▶ [THE INPUT]:
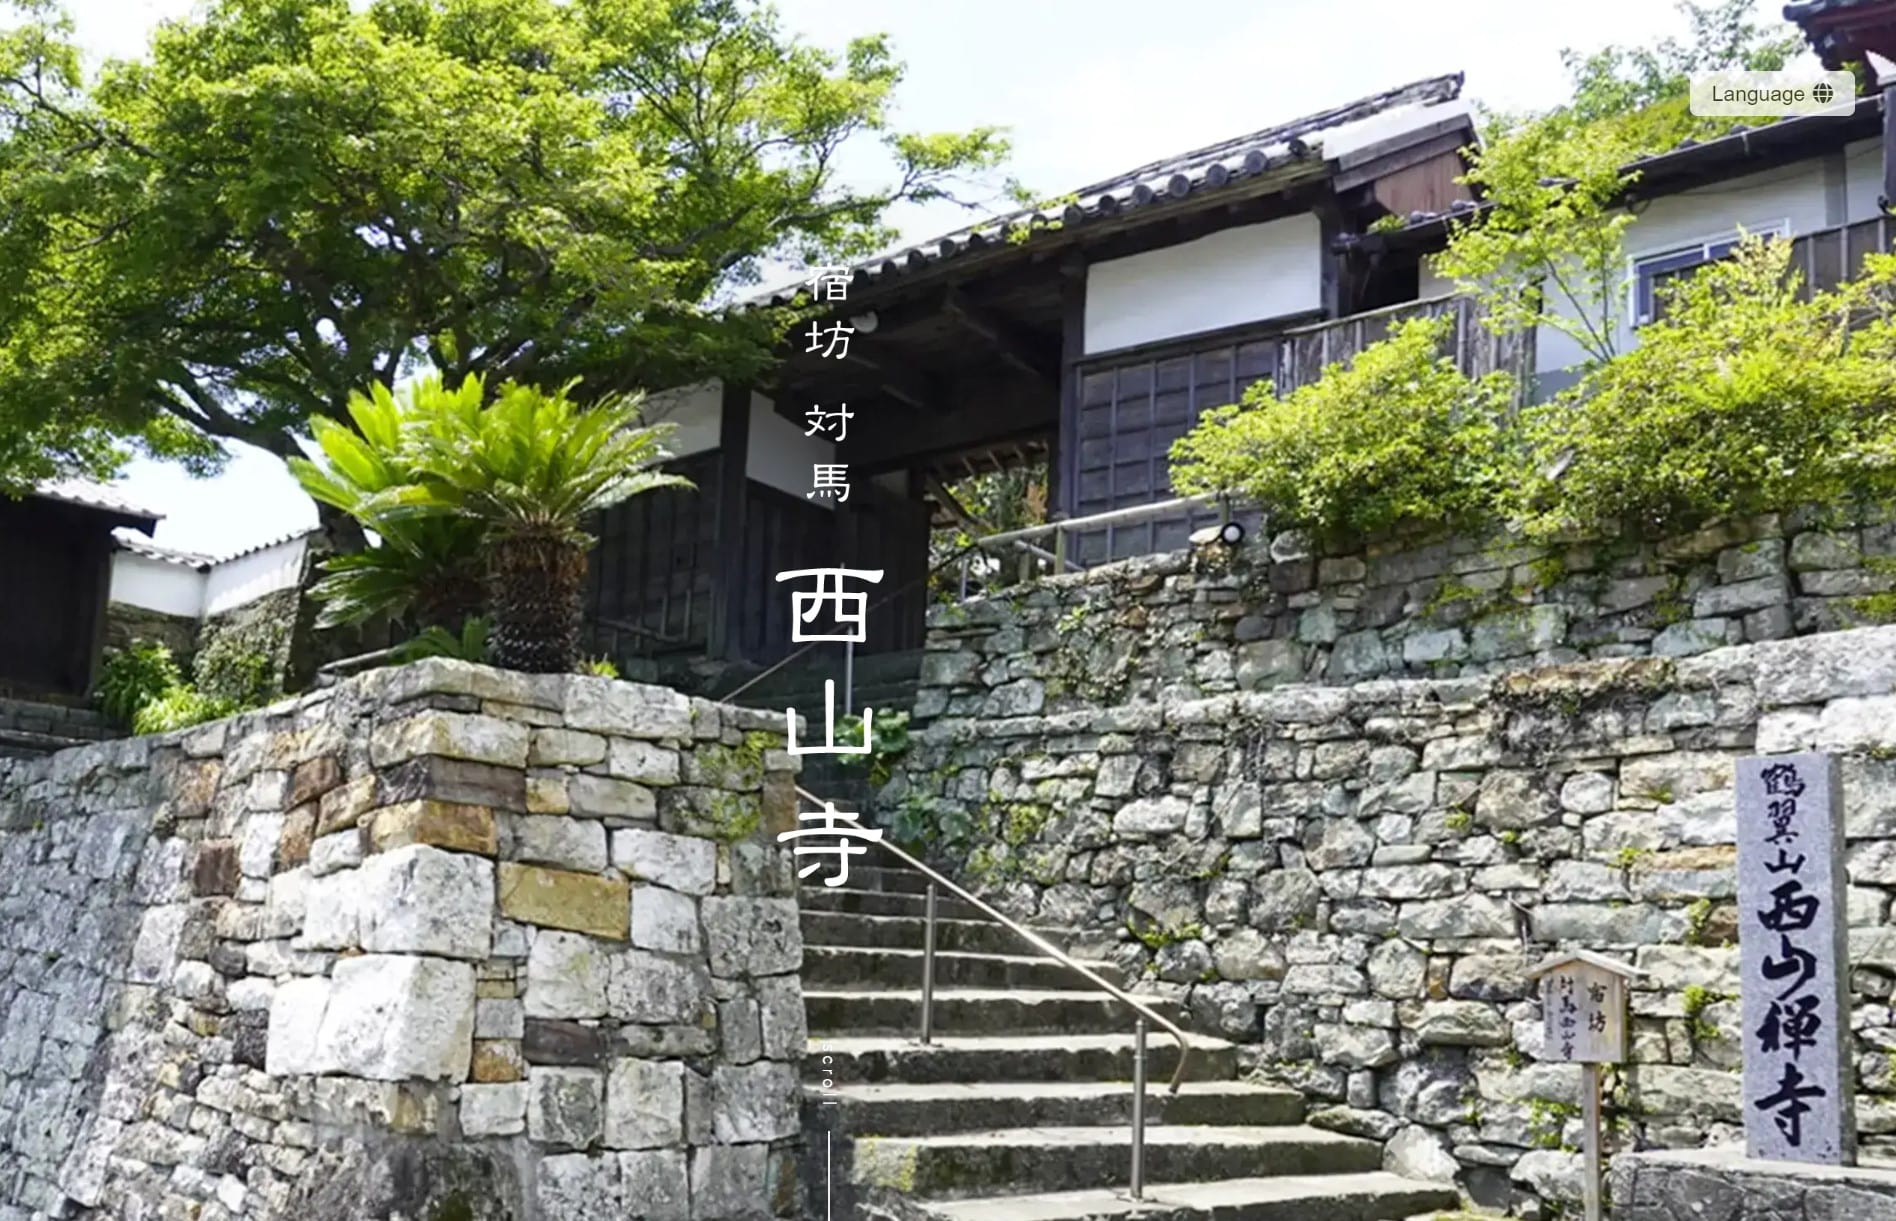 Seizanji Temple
--
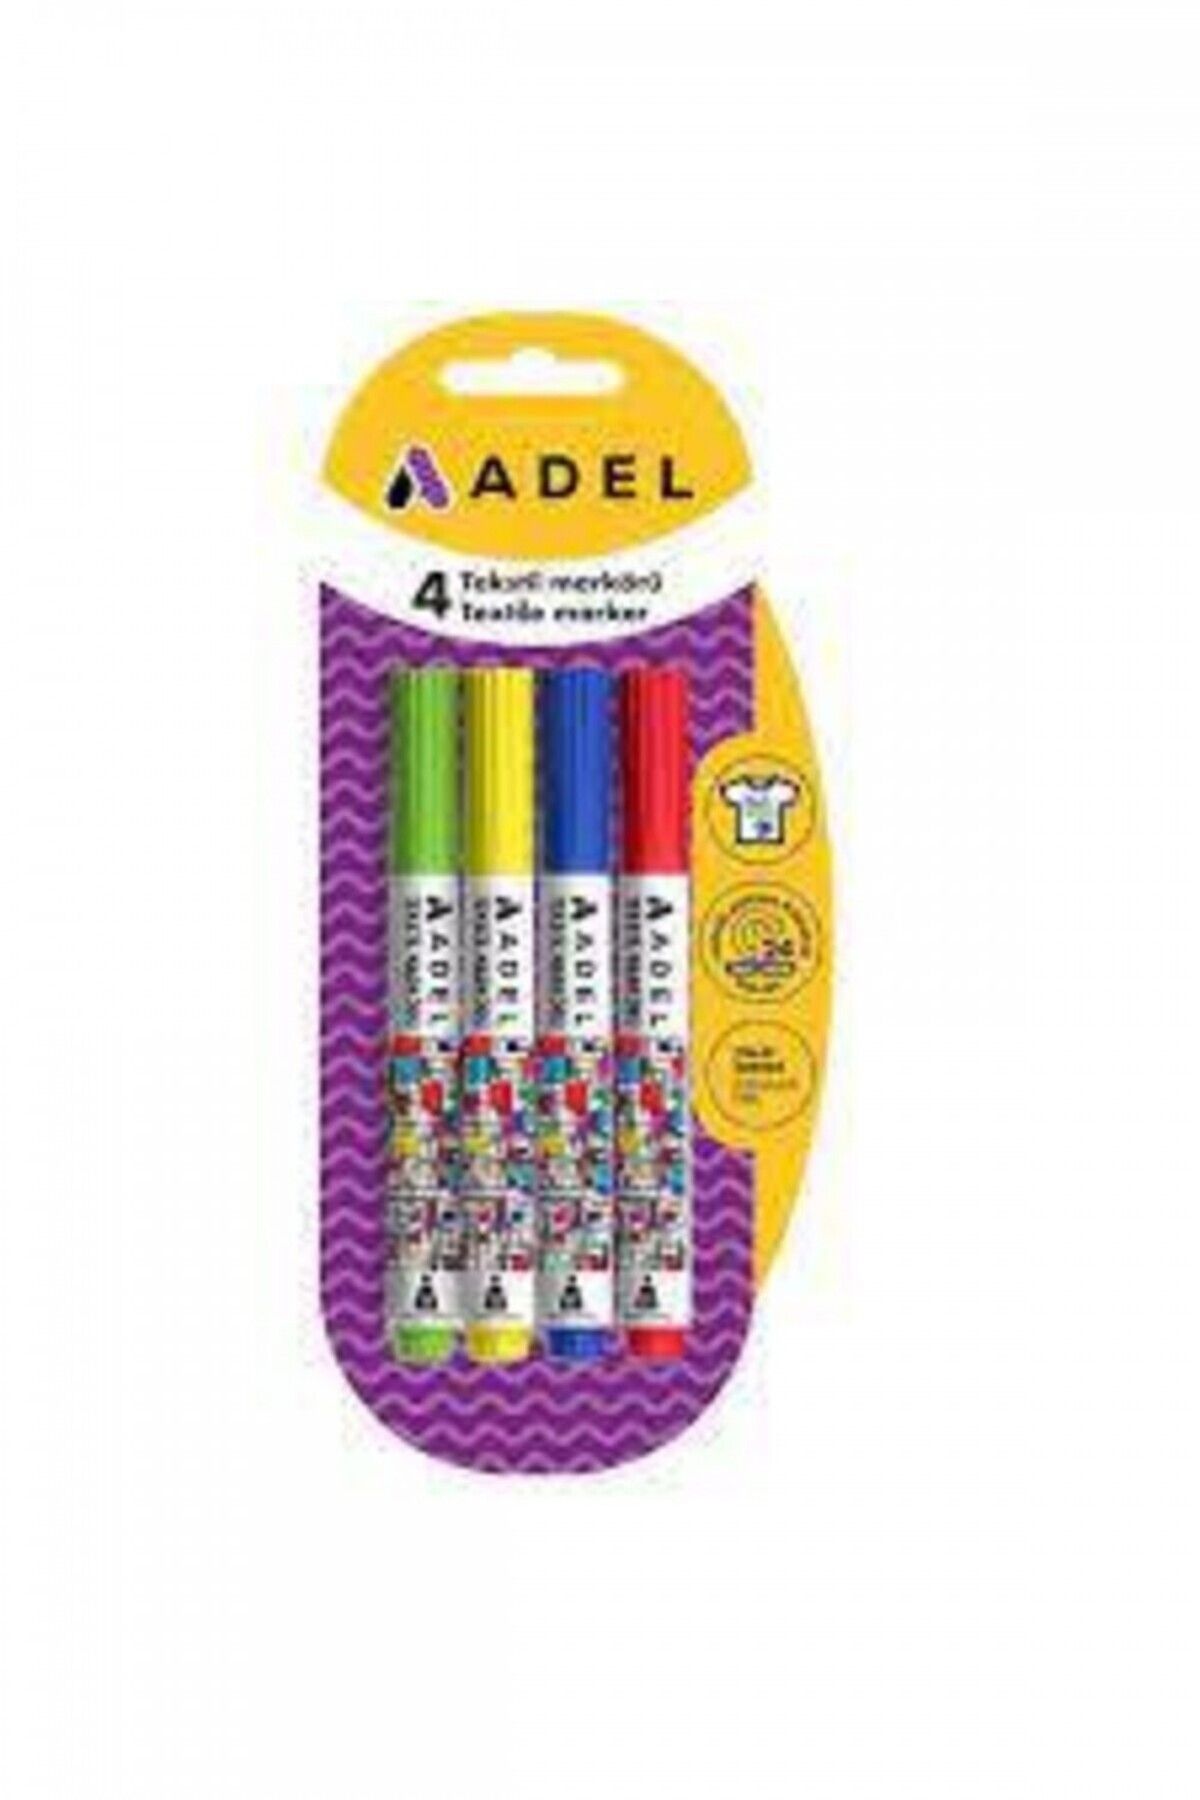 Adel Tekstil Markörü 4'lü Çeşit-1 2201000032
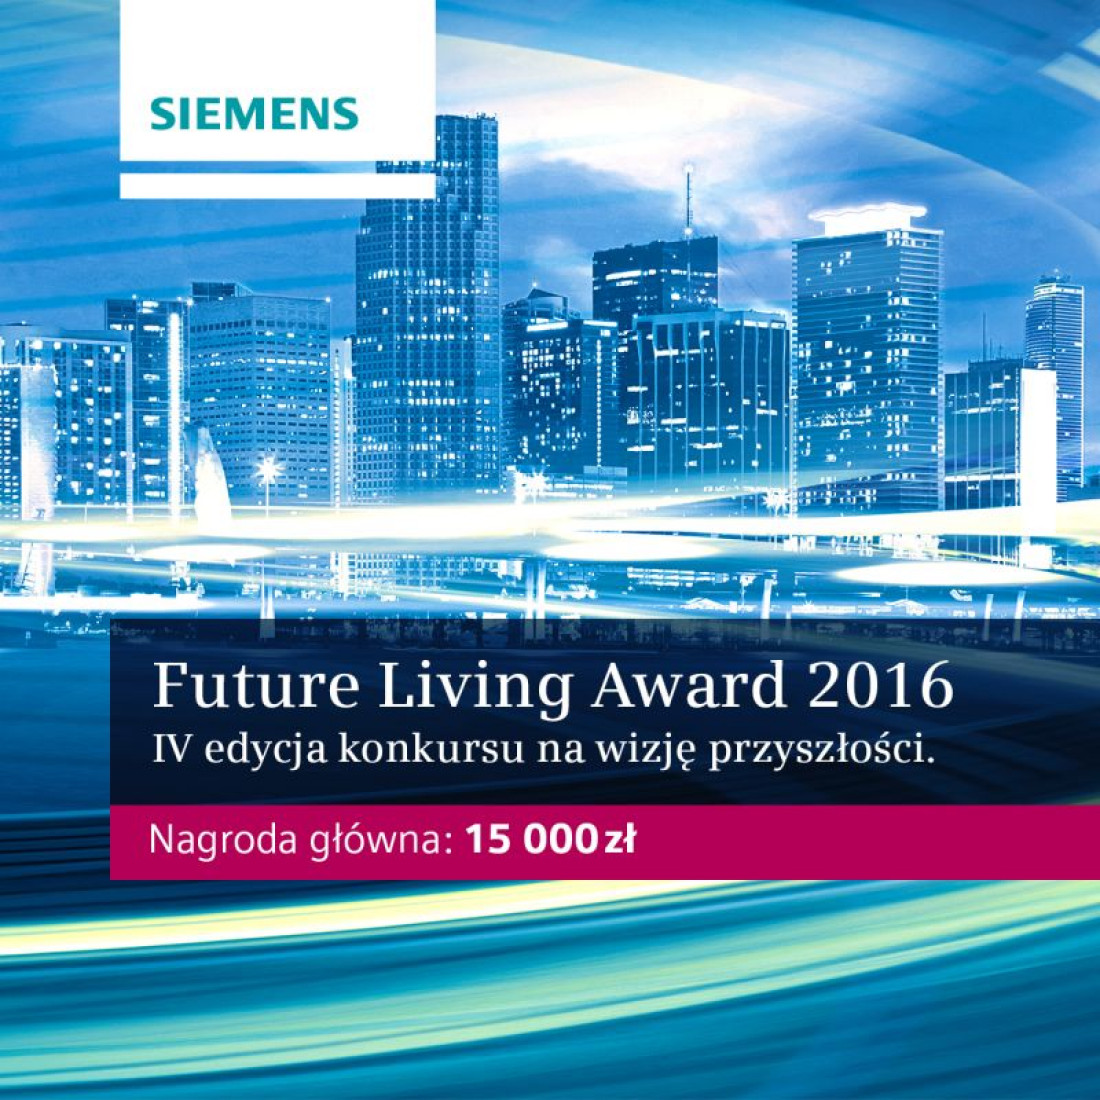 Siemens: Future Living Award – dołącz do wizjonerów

▶ [YOUR INSTRUCTIONS]: Lines from the one above containing "Adel Tekstil Markörü 4'lü Çeşit-1 2201000032" down to the one containing "Siemens: Future Living" should be transcribed exactly, with both ends kept and no pictures.

▶ [WRITTEN ANSWER]:
 Adel Tekstil Markörü 4'lü Çeşit-1 2201000032
 Siemens: Future Living Award – dołącz do wizjonerów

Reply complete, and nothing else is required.